On Thu, 08.01.15 10:56, Zygo Blaxell (ce3g8jdj@umail.furryterror.org) wrote:

> On Wed, Jan 07, 2015 at 06:43:15PM +0100, Lennart Poettering wrote:
> > Heya!
> > 
> > Currently, systemd-journald's disk access patterns (appending to the
> > end of files, then updating a few pointers in the front) result in
> > awfully fragmented journal files on btrfs, which has a pretty
> > negative effect on performance when accessing them.
> > 
> > Now, to improve things a bit, I yesterday made a change to journald,
> > to issue the btrfs defrag ioctl when a journal file is rotated,
> > i.e. when we know that no further writes will be ever done on the
> > file. 
> > 
> > However, I wonder now if I should go one step further even, and use
> > the equivalent of "chattr -C" (i.e. nocow) on all journal files. I am
> > wondering what price I would precisely have to pay for
> > that. Judging by this earlier thread:
> > 
> >         http://www.spinics.net/lists/linux-btrfs/msg33134.html
> > 
> > it's mostly about data integrity, which is something I can live with,
> > given the conservative write patterns of journald, and the fact that
> > we do our own checksumming and careful data validation. I mean, if
> > btrfs in this mode provides no worse data integrity semantics than
> > ext4 I am fully fine with losing this feature for these files.
> 
> This sounds to me like a job for fallocate with FALLOC_FL_KEEP_SIZE.
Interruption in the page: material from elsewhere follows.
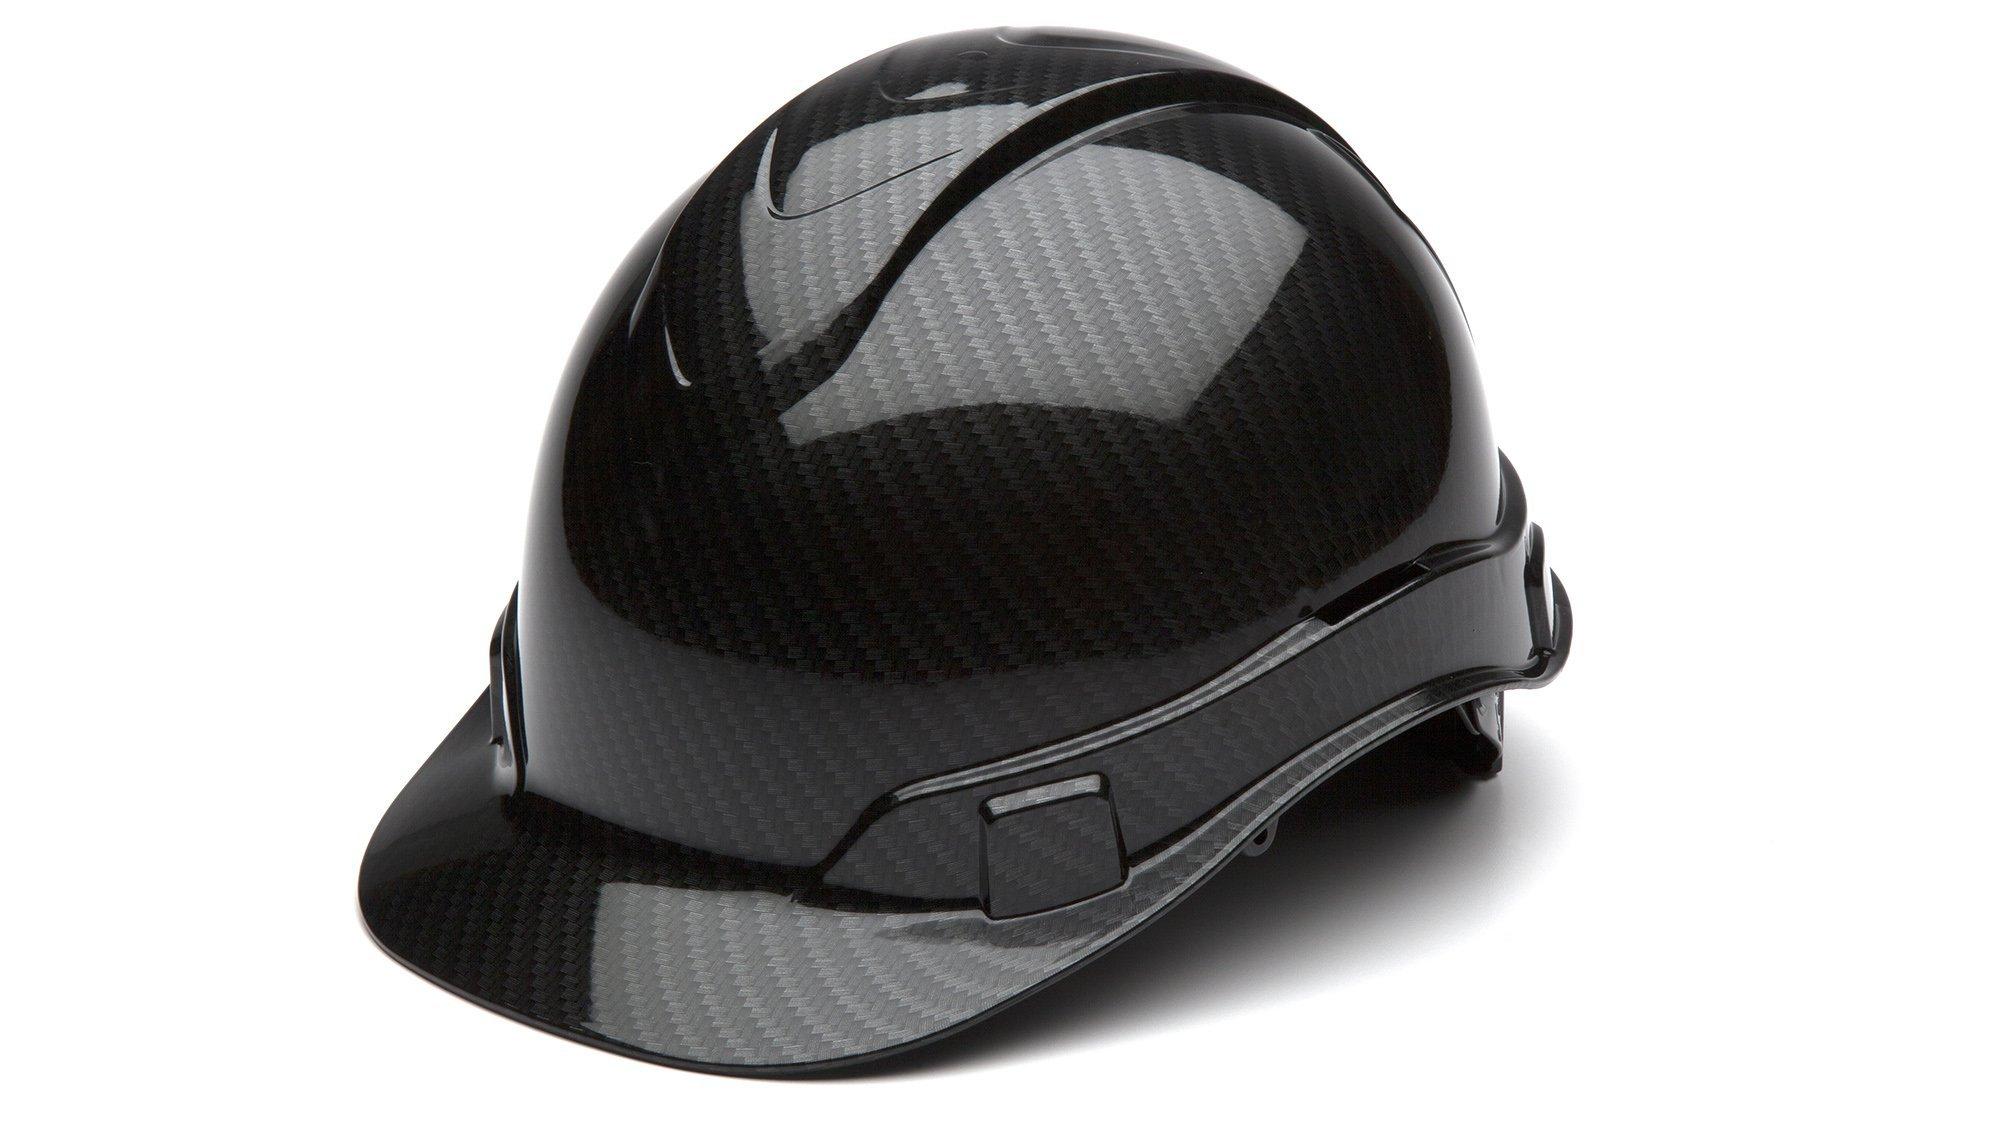 Pyramex Safety HP44117S Ridgeline Cap Style Hard Hat, One Size, Gray (Shiny Black Graphite Pattern)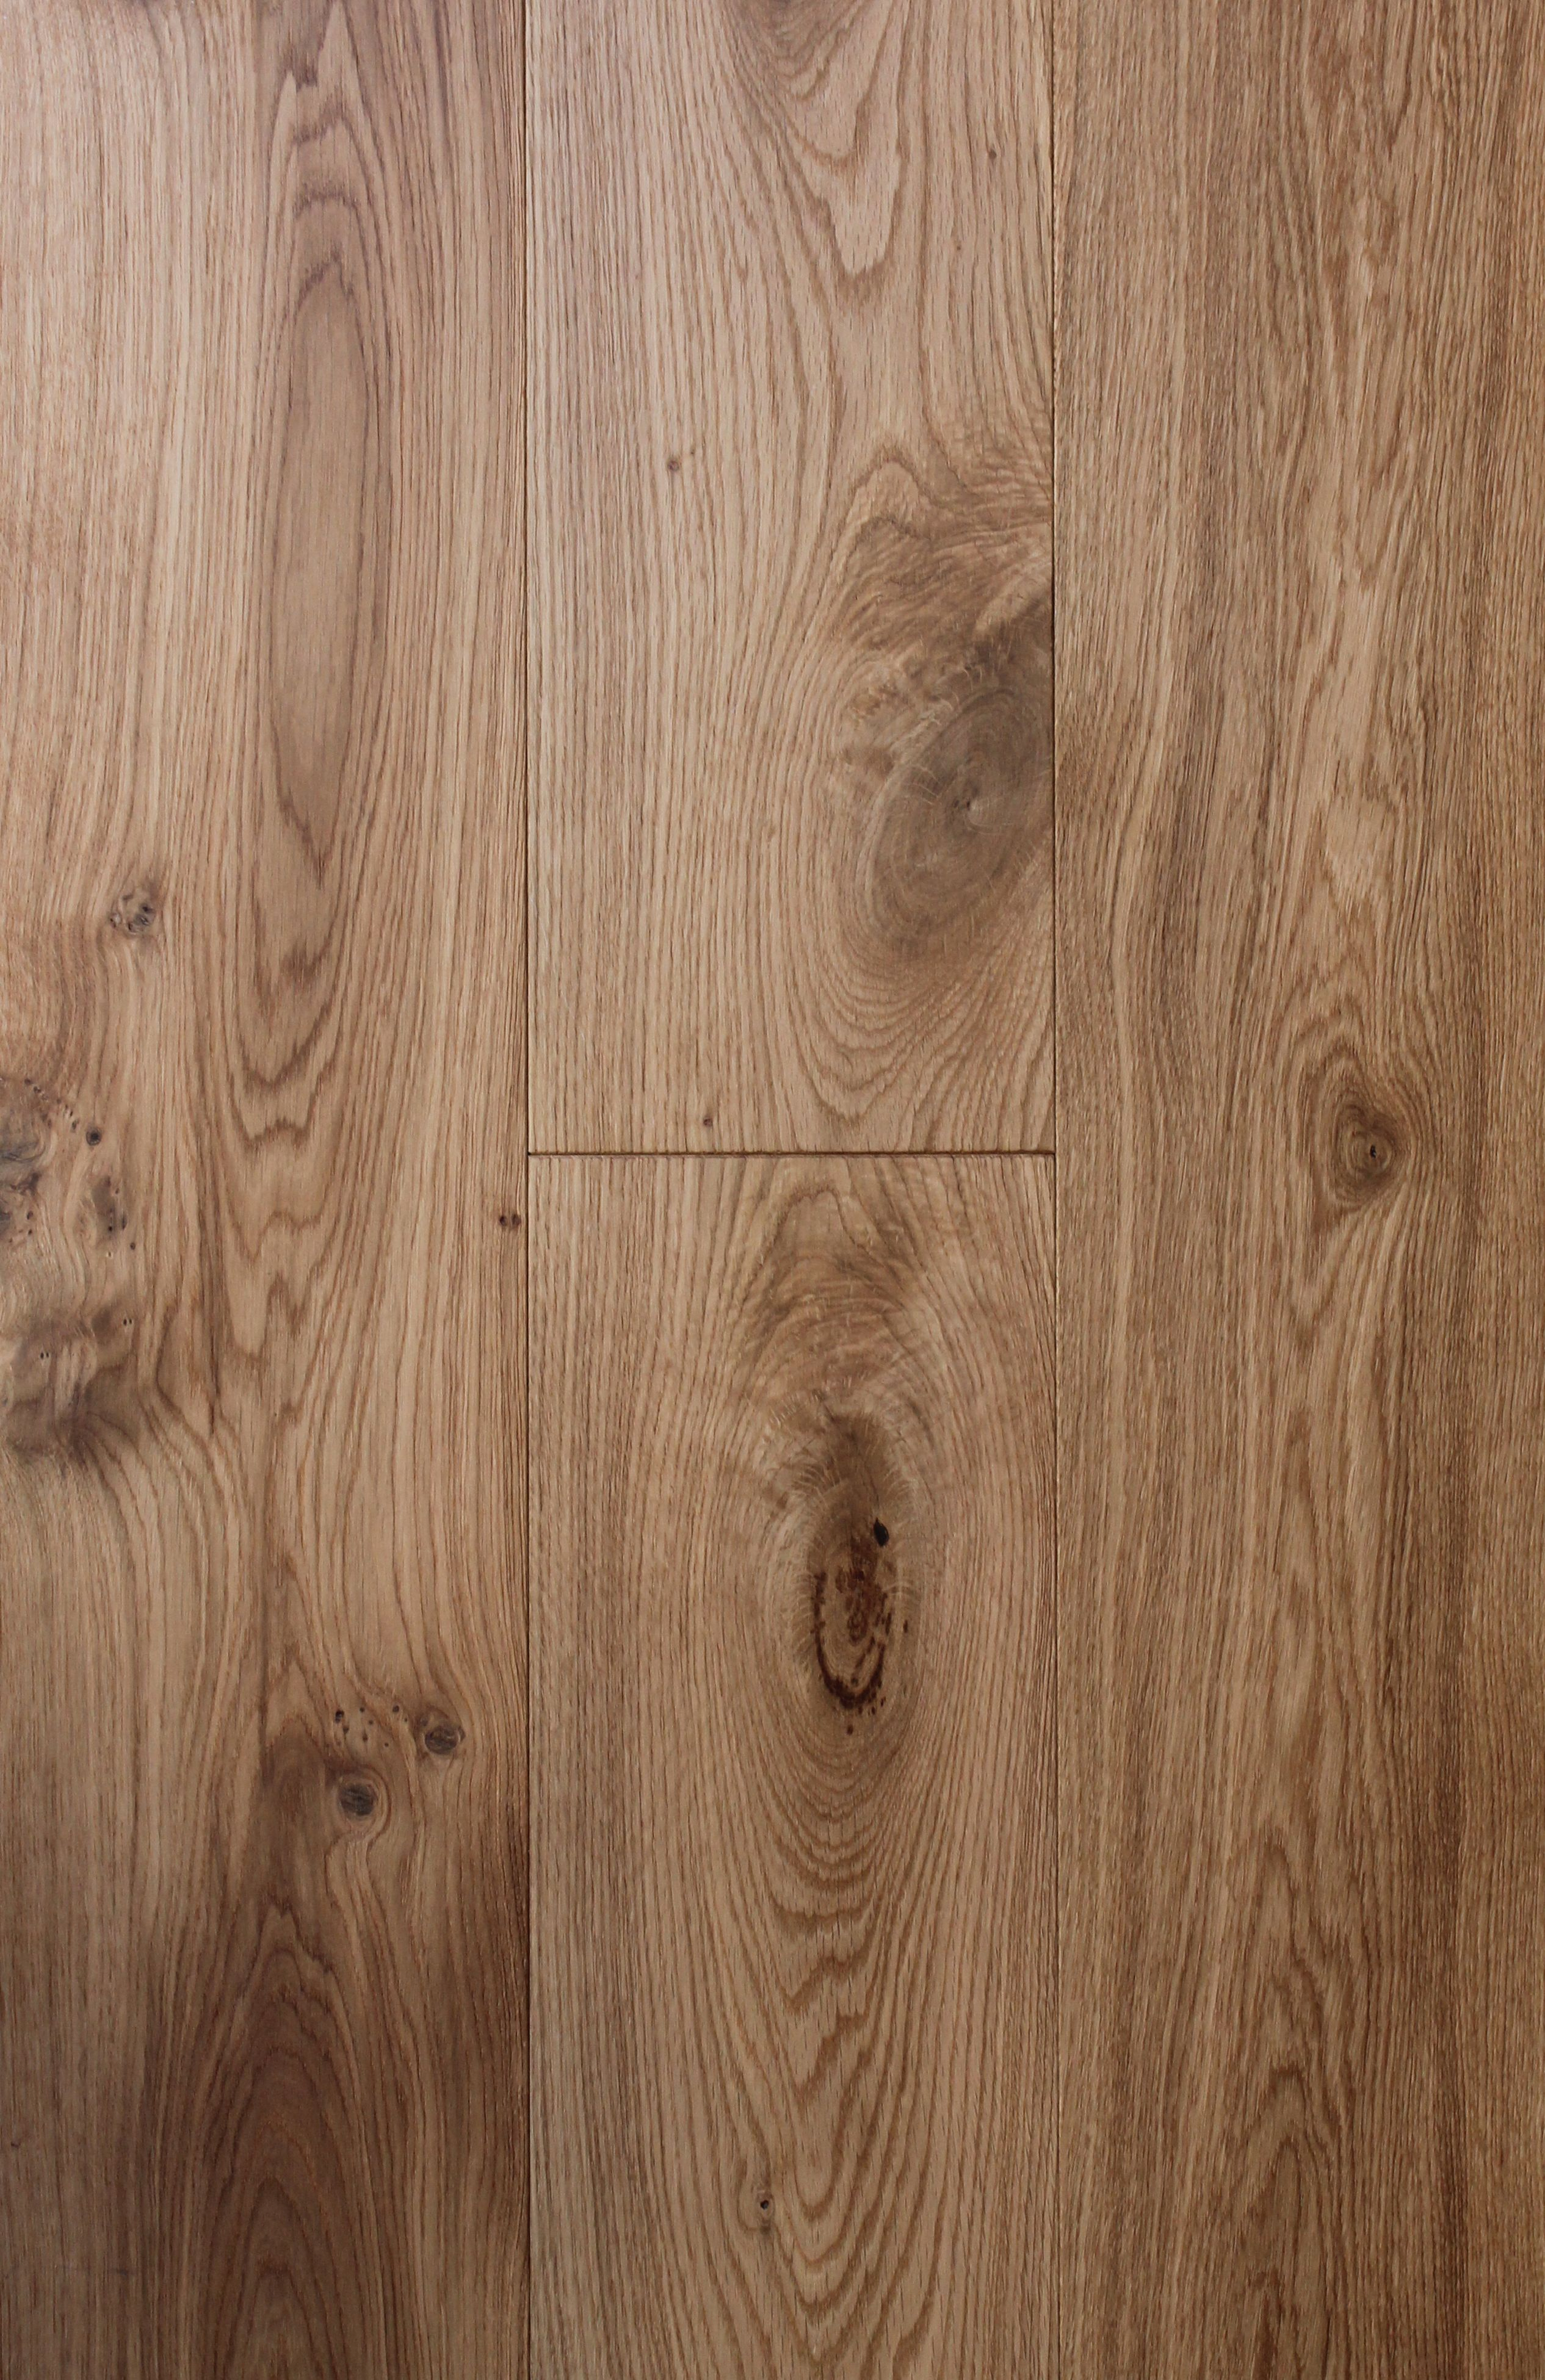 Avola natural european oak zealsea timber flooring timber flooring

We already use fallocate(), but this is not enough on cow file
systems. With fallocate() you can certainly improve fragmentation when
appending things to a file. But on a COW file system this will help
little if we change things in the beginning of the file, since COW
means that it will then make a copy of those blocks and alter the
copy, but leave the original version unmodified. And if we do that all
the time the files get heavily fragmented, even though all the blocks
we modify have been fallocate()d initially...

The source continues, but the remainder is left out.